==== GIVEN MATERIAL

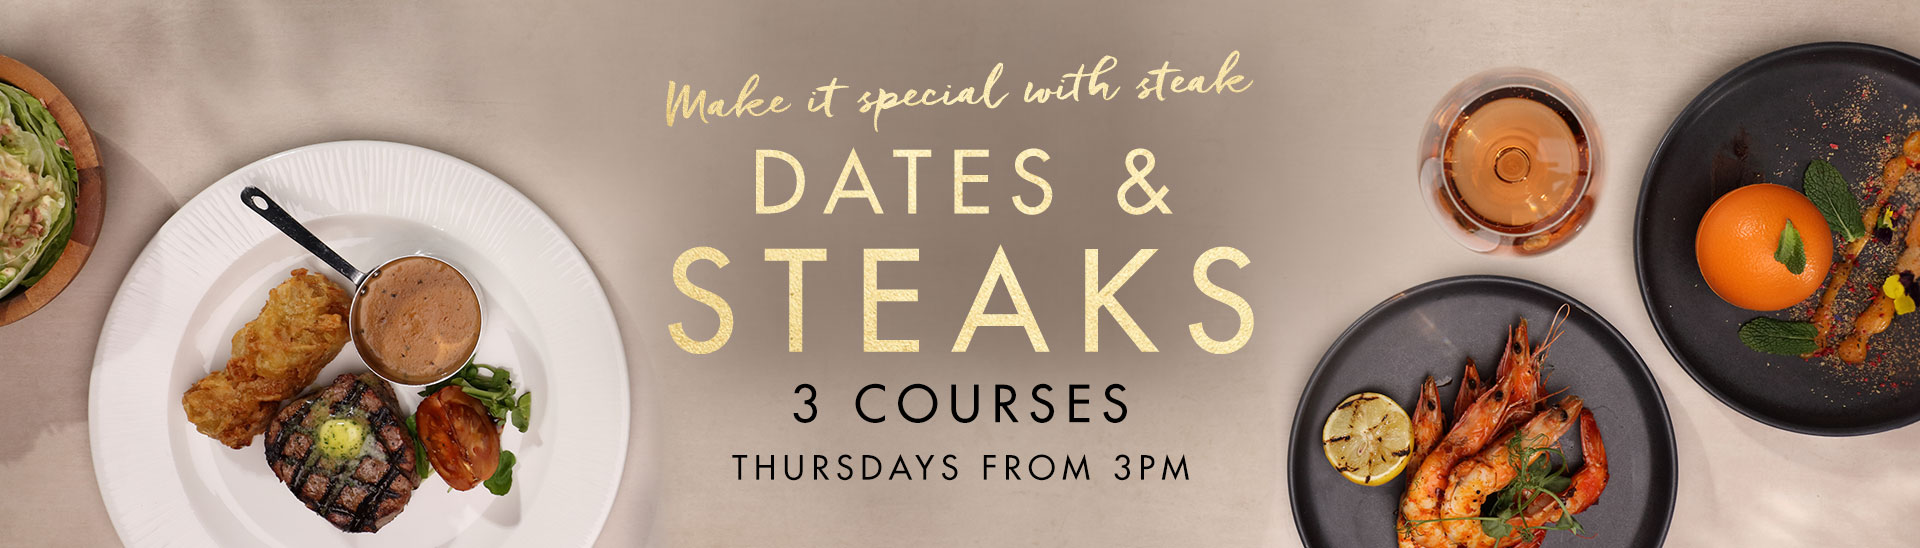 Dates & Steaks at Miller & Carter Haywards Heath
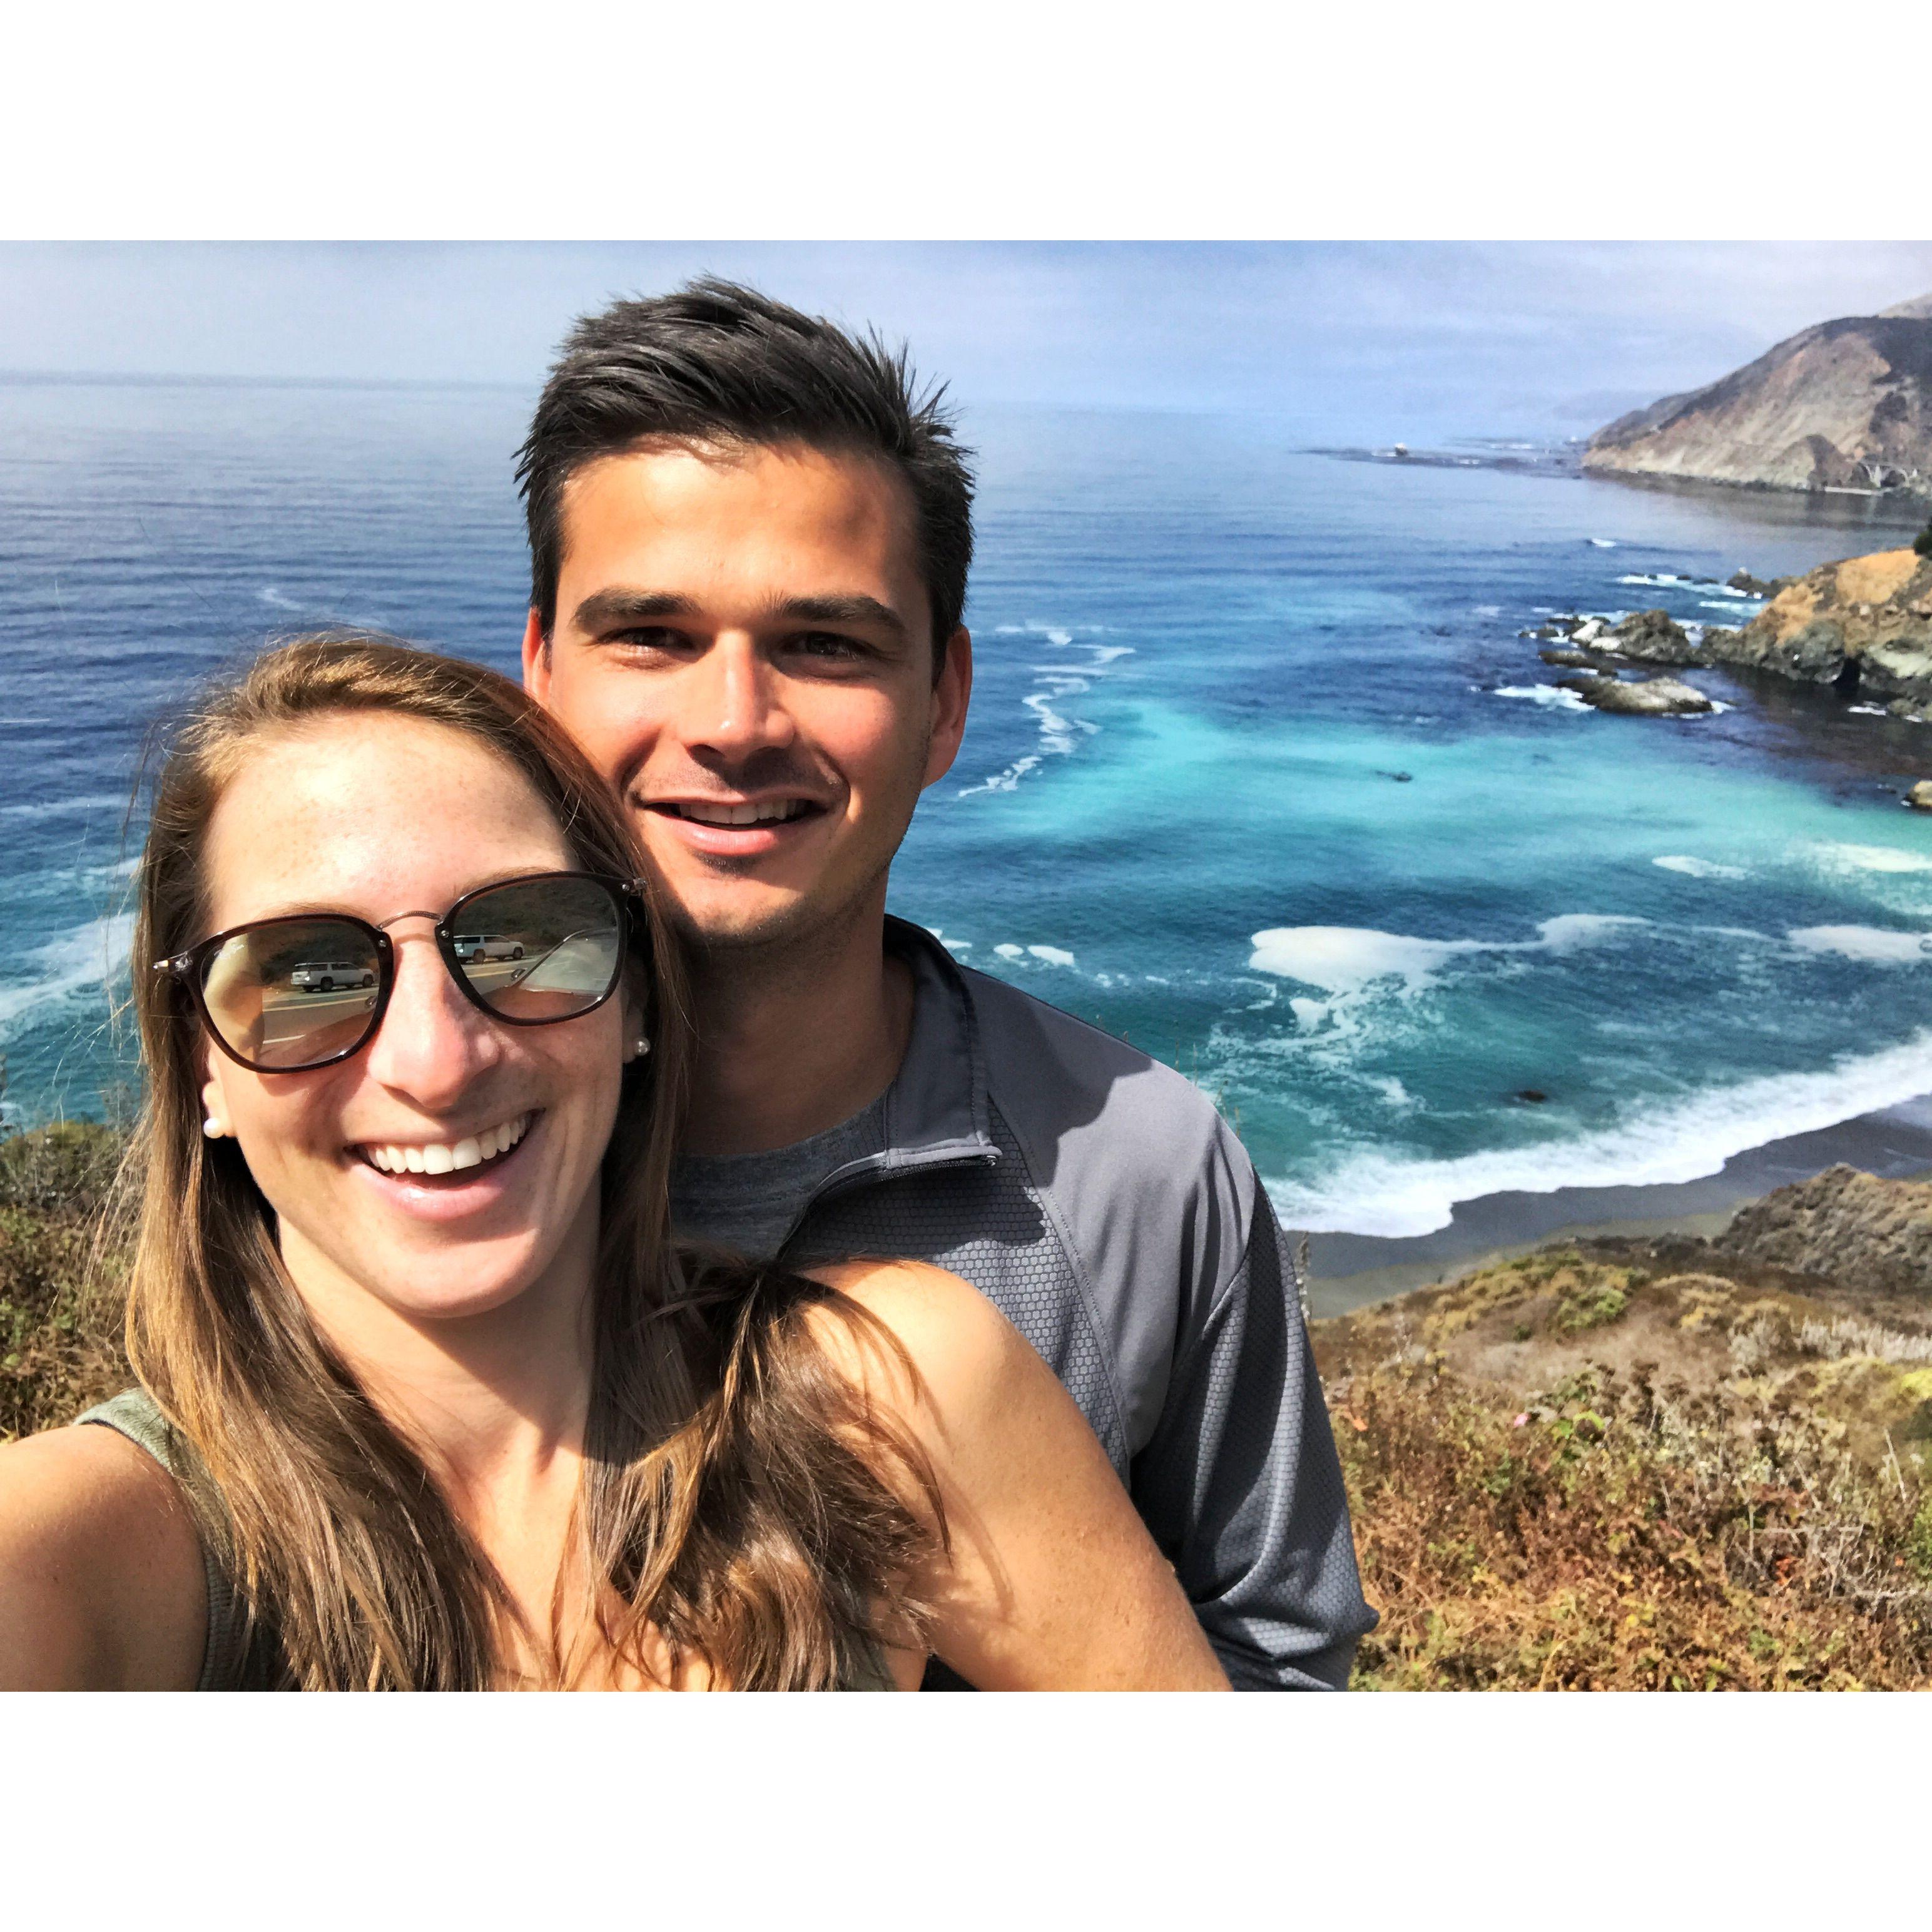 First official trip - California coast September 2018
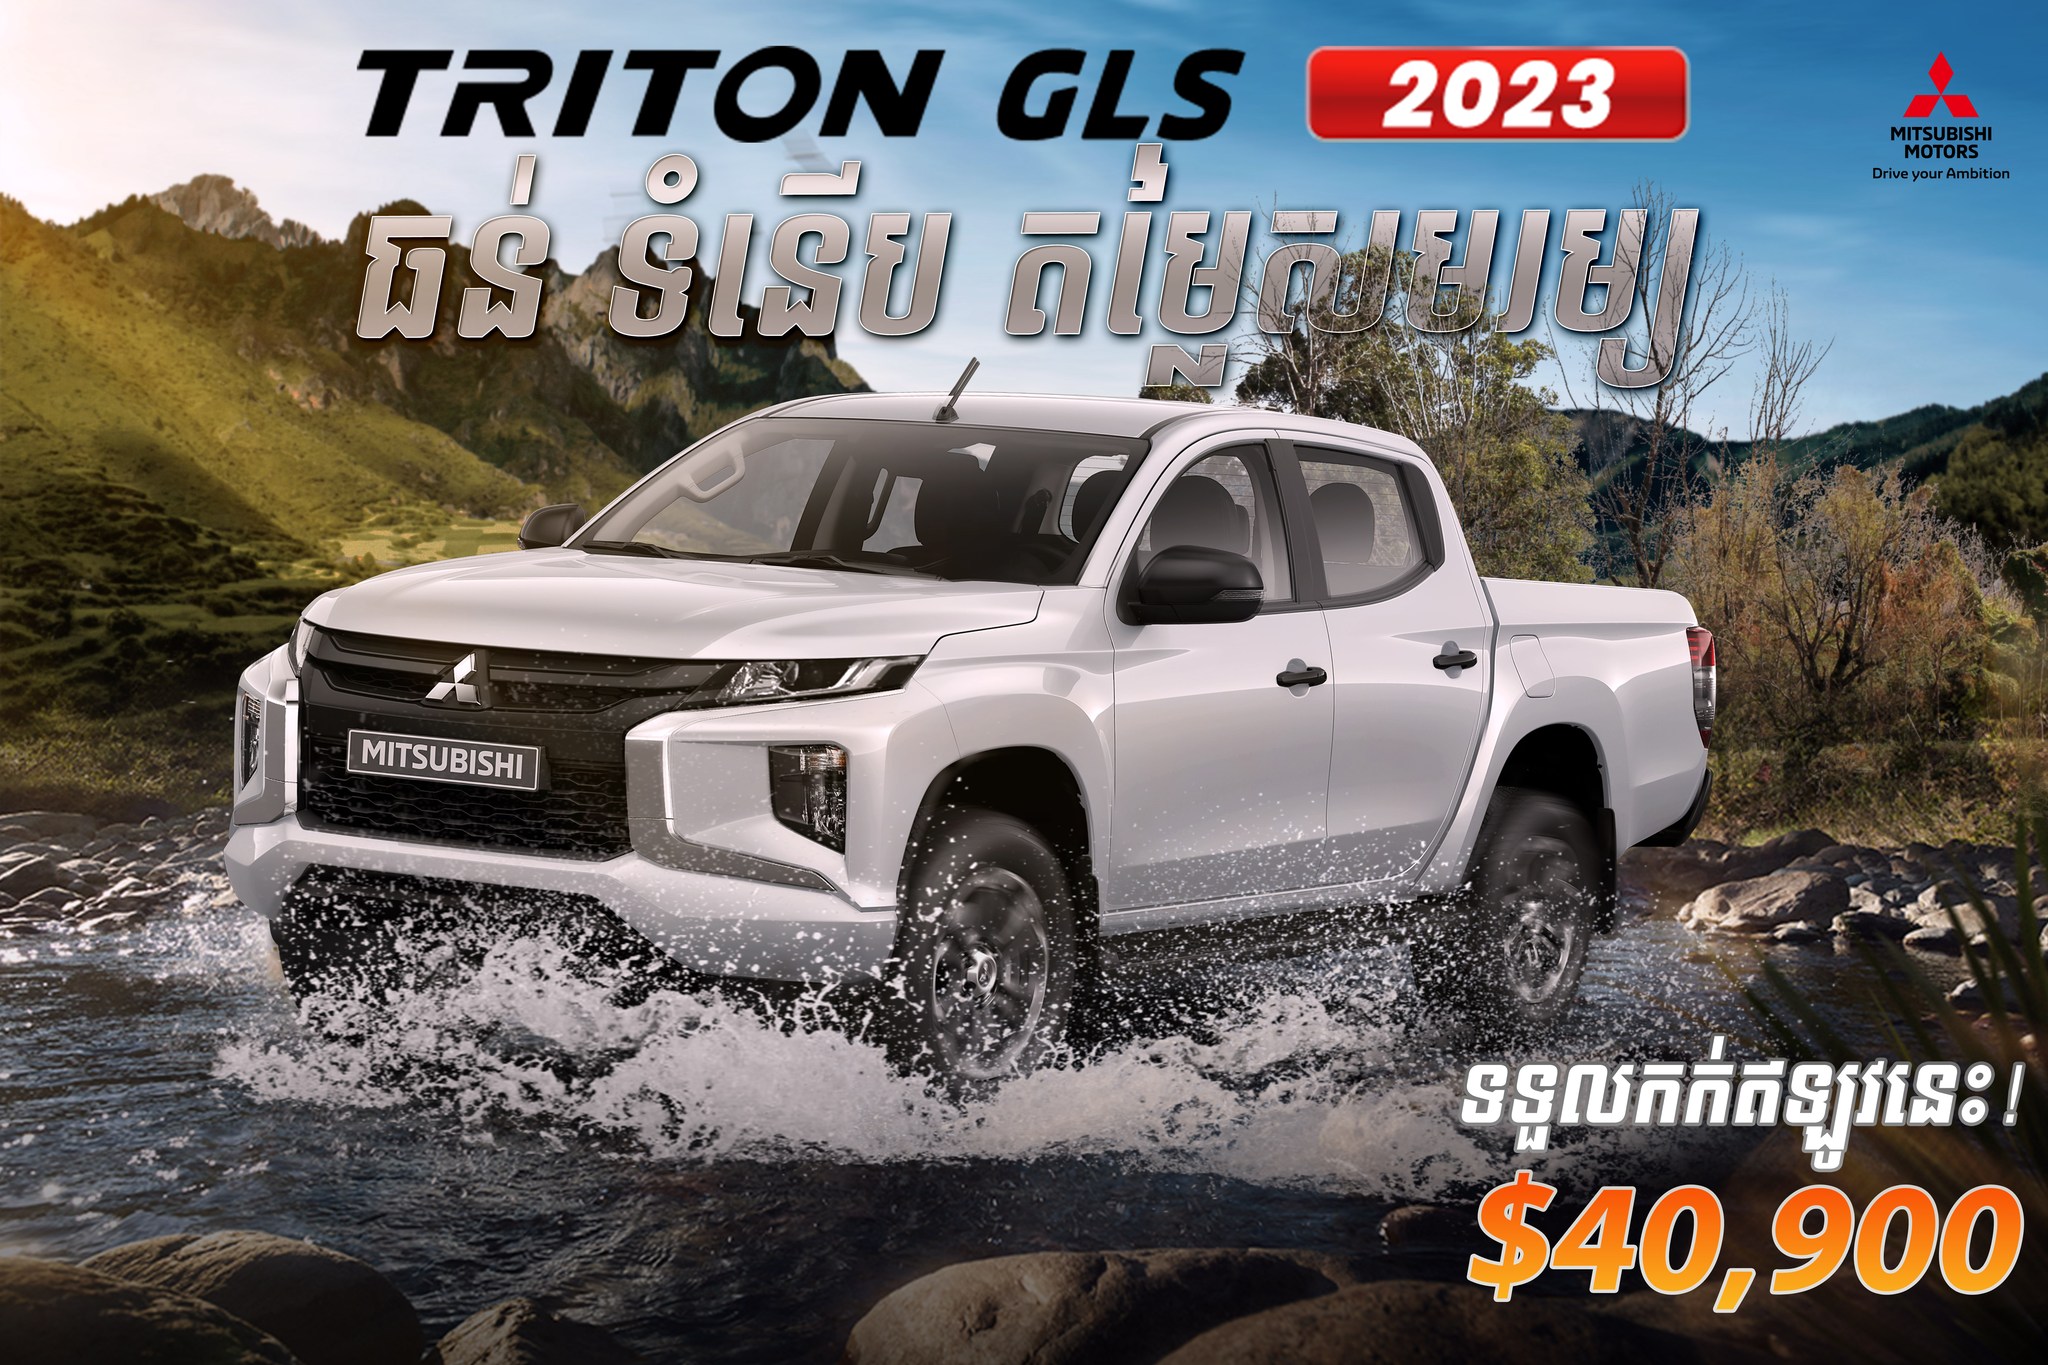 Triton GLS 2023 ចាប់ផ្តើមទទួលការកក់ហើយ!

========

EXERCISE: Leaving every picture aside, repeat the listing exactly.

WRITTEN ANSWER:
 Dates & Steaks at Miller & Carter Haywards Heath
 First official trip - California coast September 2018
 Triton GLS 2023 ចាប់ផ្តើមទទួលការកក់ហើយ!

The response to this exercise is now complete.